§ Dataset extract:
== Segment start ==

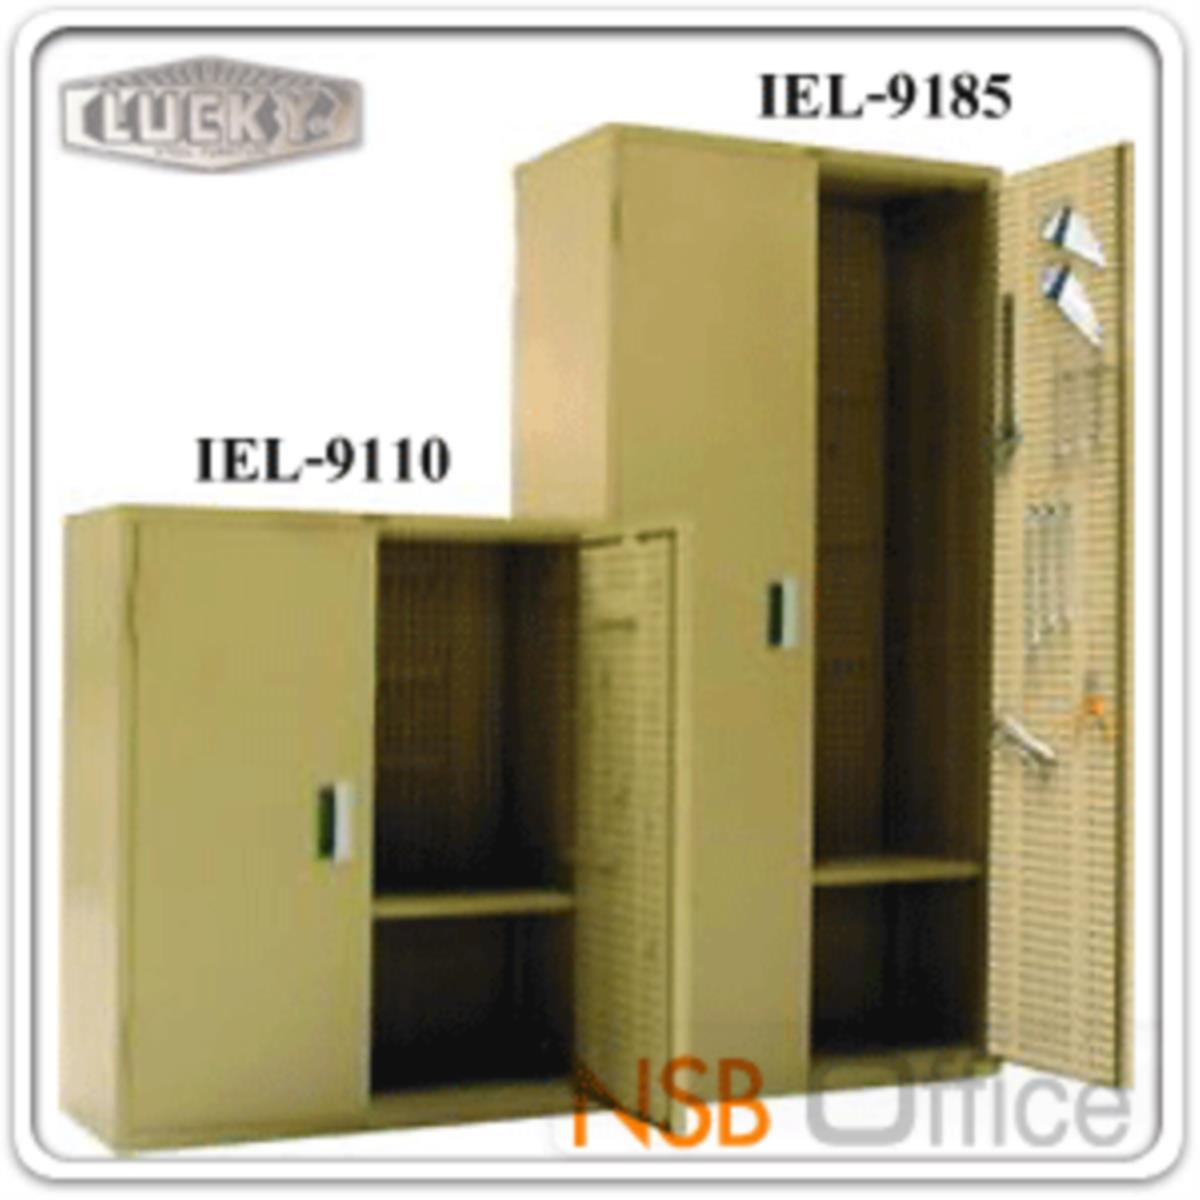 ตู้เหล็กเก็บเครื่องมือ 2 บานเปิดทึบ 110H cm. ยี่ห้อลัคกี้ รุ่น IEL-9110 มือจับฝัง
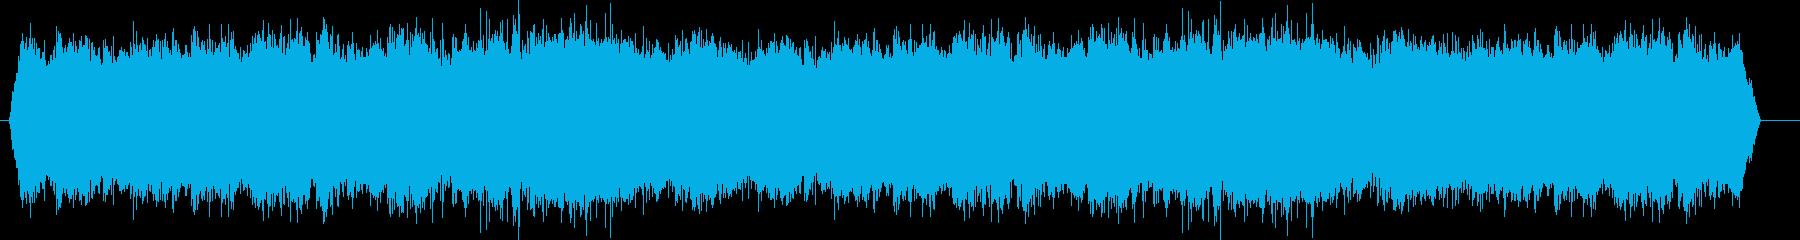 いくつかのセミの連続ラチェット。の再生済みの波形
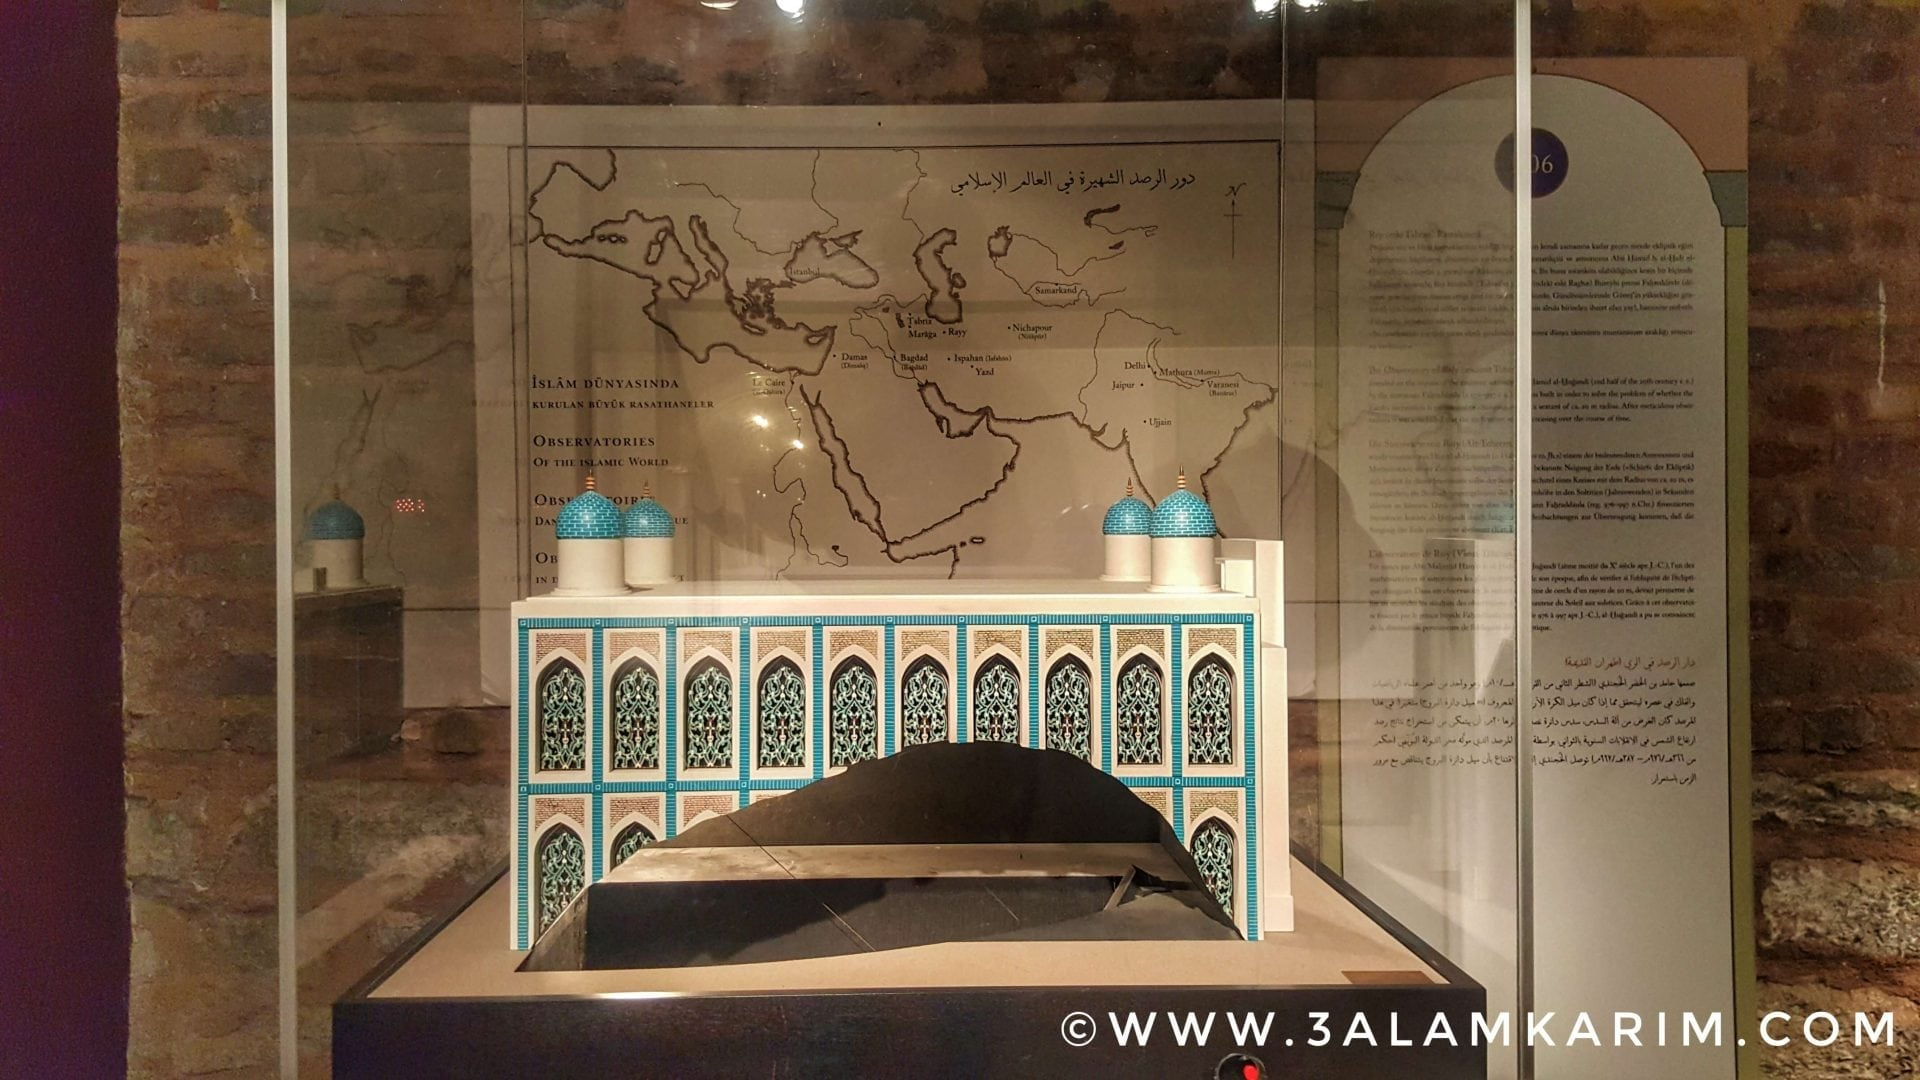 مجسم لدار الرصد في الري (طهران القديمة)

== Segment end ==

§ Instructions for the task: Every line above is to be given again exactly, apart from the pictures.

§ Answer to this problem:
 ตู้เหล็กเก็บเครื่องมือ 2 บานเปิดทึบ 110H cm. ยี่ห้อลัคกี้ รุ่น IEL-9110 มือจับฝัง
 いくつかのセミの連続ラチェット。の再生済みの波形
 مجسم لدار الرصد في الري (طهران القديمة)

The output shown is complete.